### Source data

::::

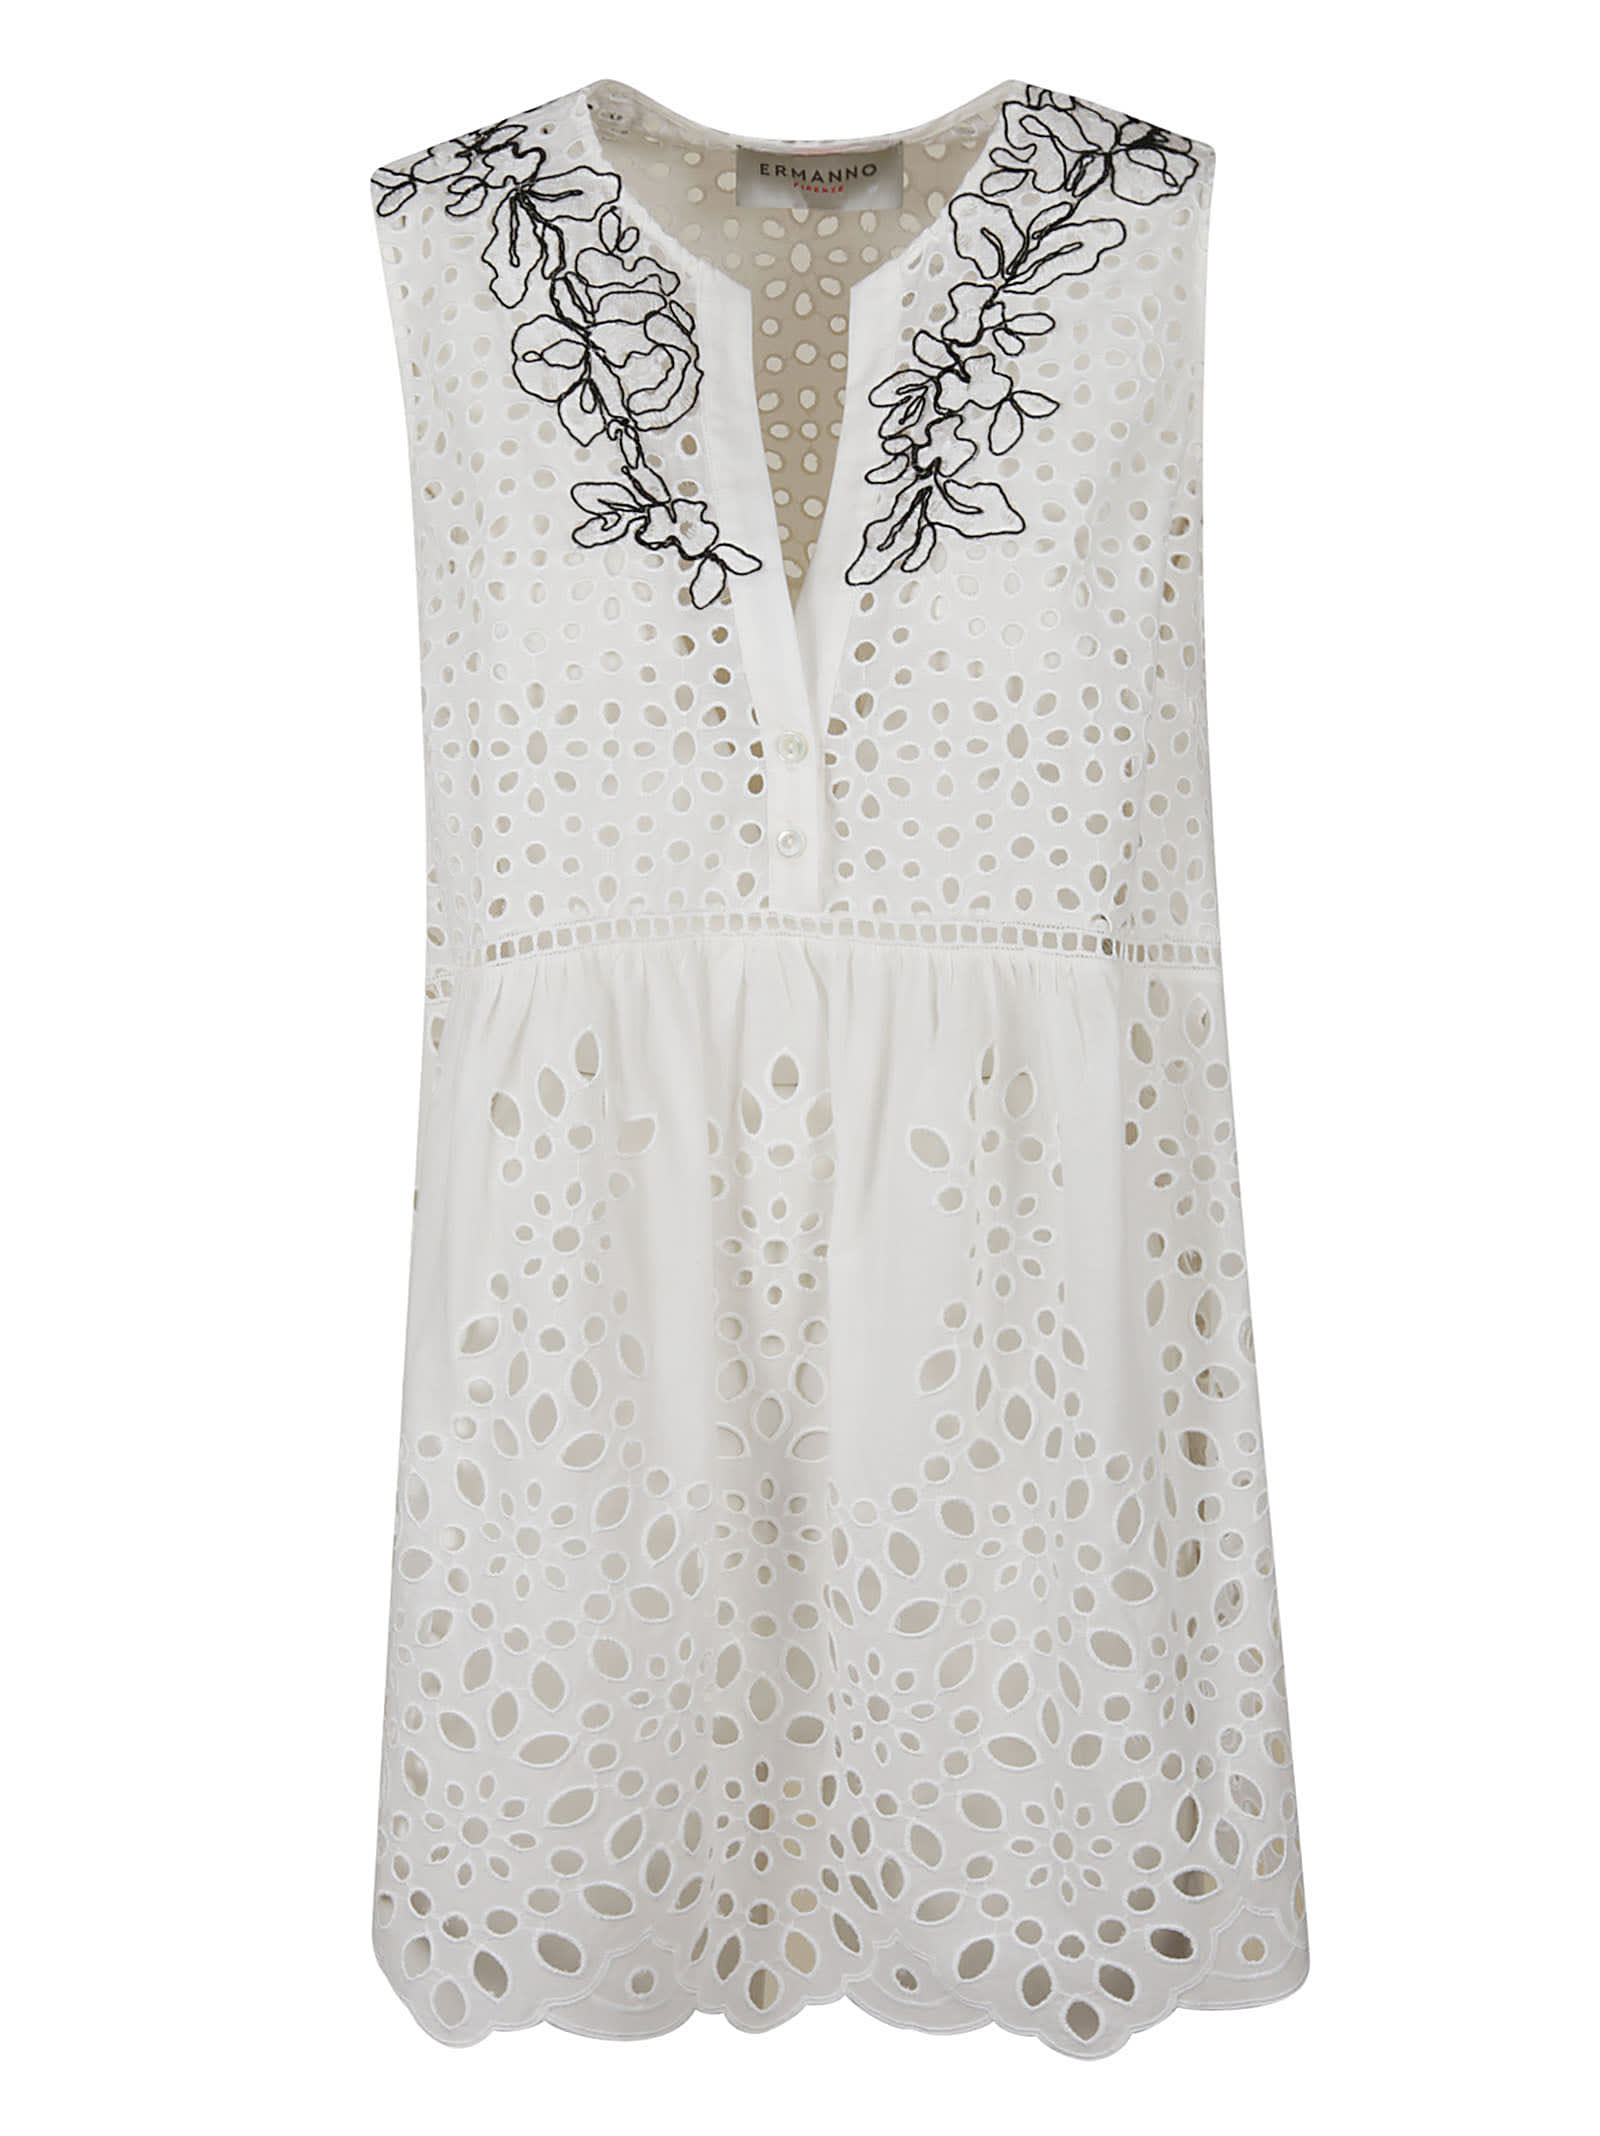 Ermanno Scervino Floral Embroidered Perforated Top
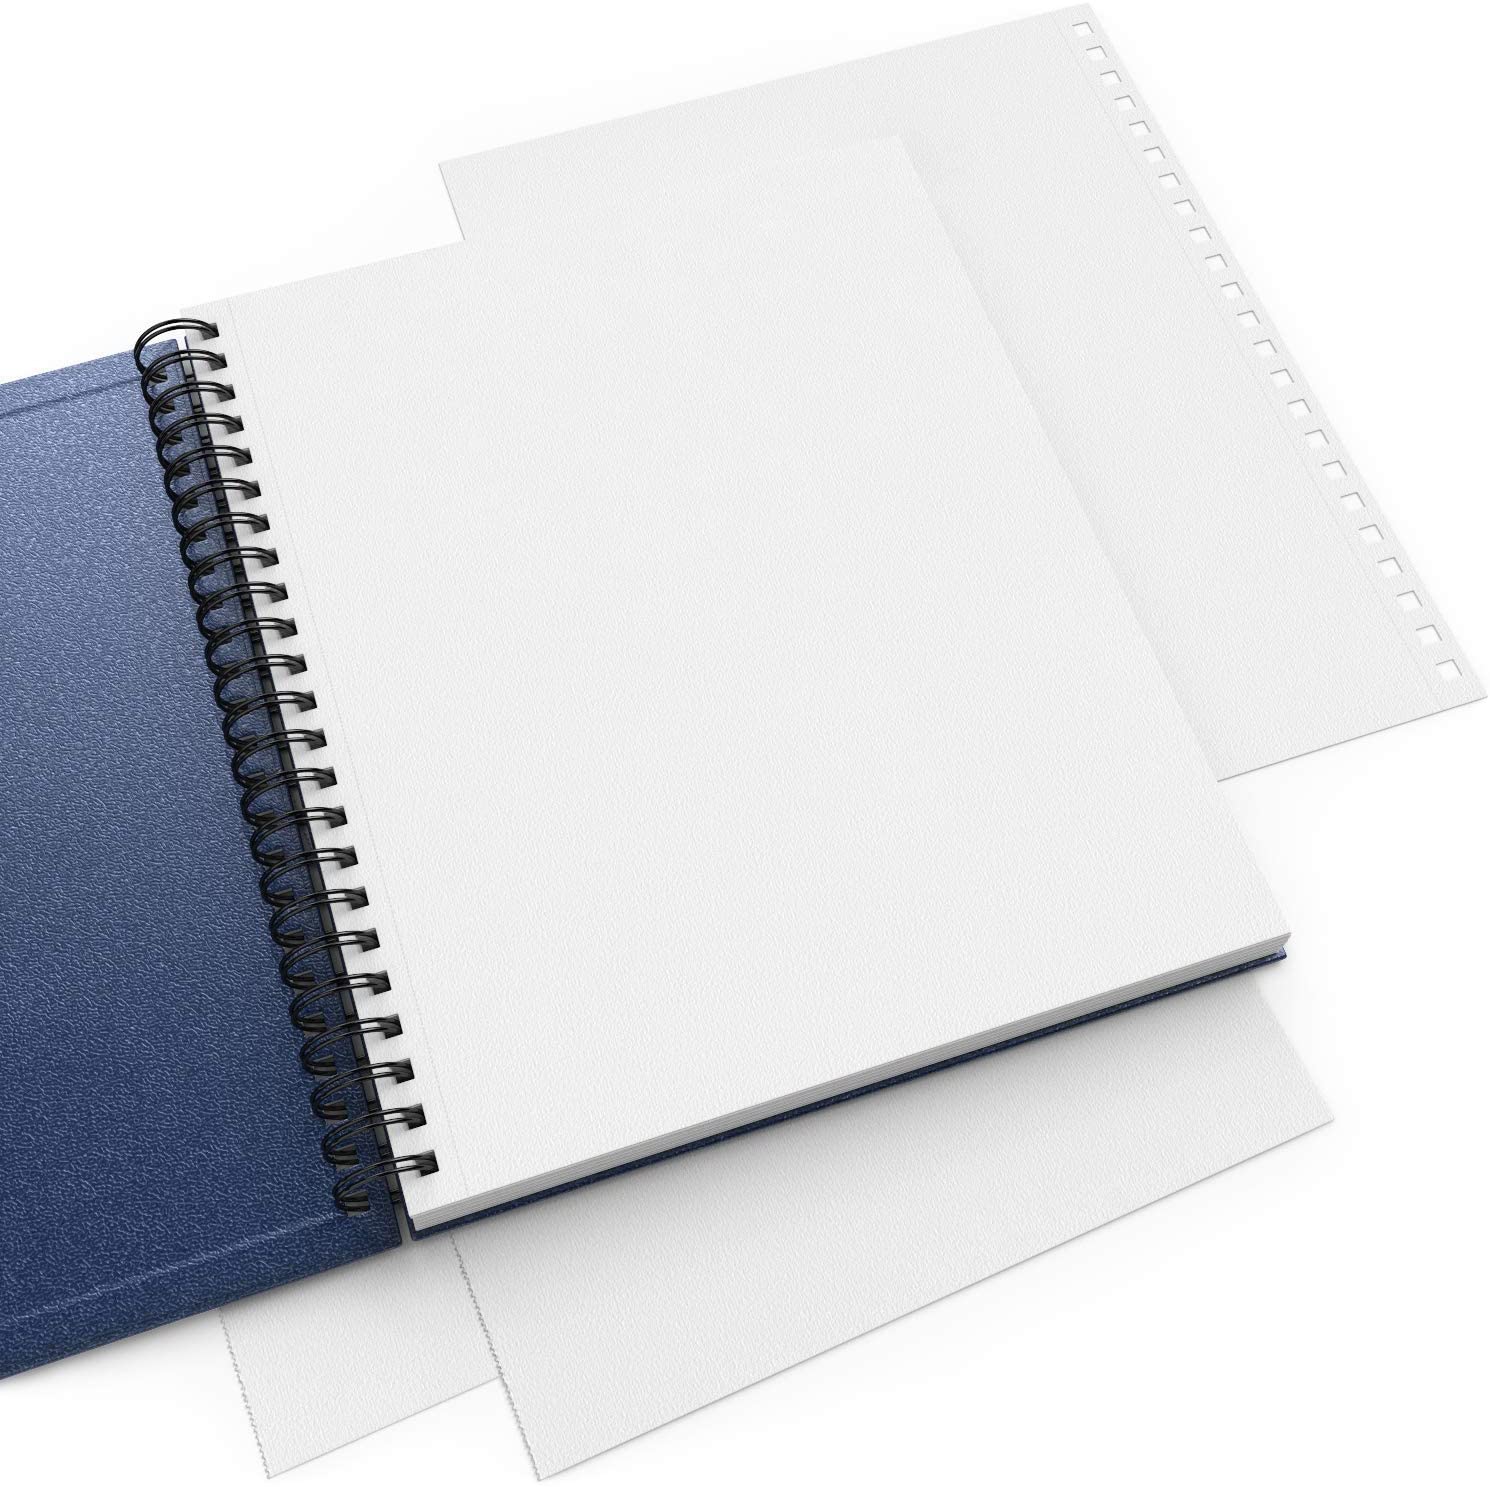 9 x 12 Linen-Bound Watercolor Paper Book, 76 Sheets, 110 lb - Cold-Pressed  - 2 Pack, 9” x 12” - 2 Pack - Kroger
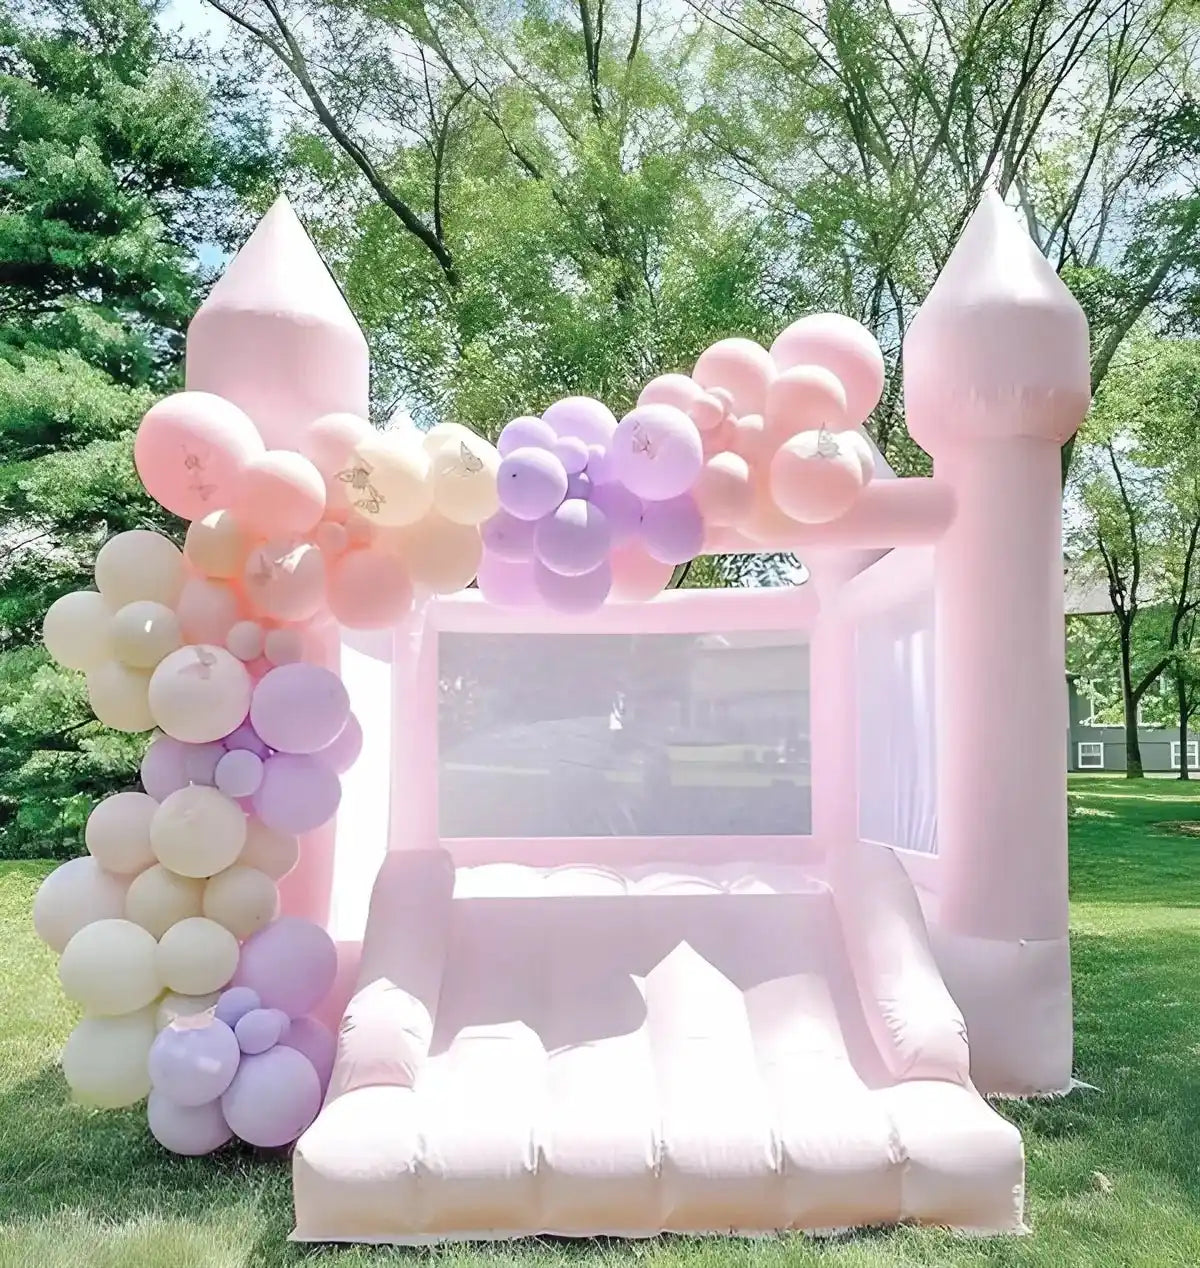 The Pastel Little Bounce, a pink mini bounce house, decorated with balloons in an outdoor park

::::

### Assignment
Output the material above word for word. Leave out its images.

### Solution below
 Ermanno Scervino Floral Embroidered Perforated Top
 9 x 12 Linen-Bound Watercolor Paper Book, 76 Sheets, 110 lb - Cold-Pressed  - 2 Pack, 9” x 12” - 2 Pack - Kroger
 The Pastel Little Bounce, a pink mini bounce house, decorated with balloons in an outdoor park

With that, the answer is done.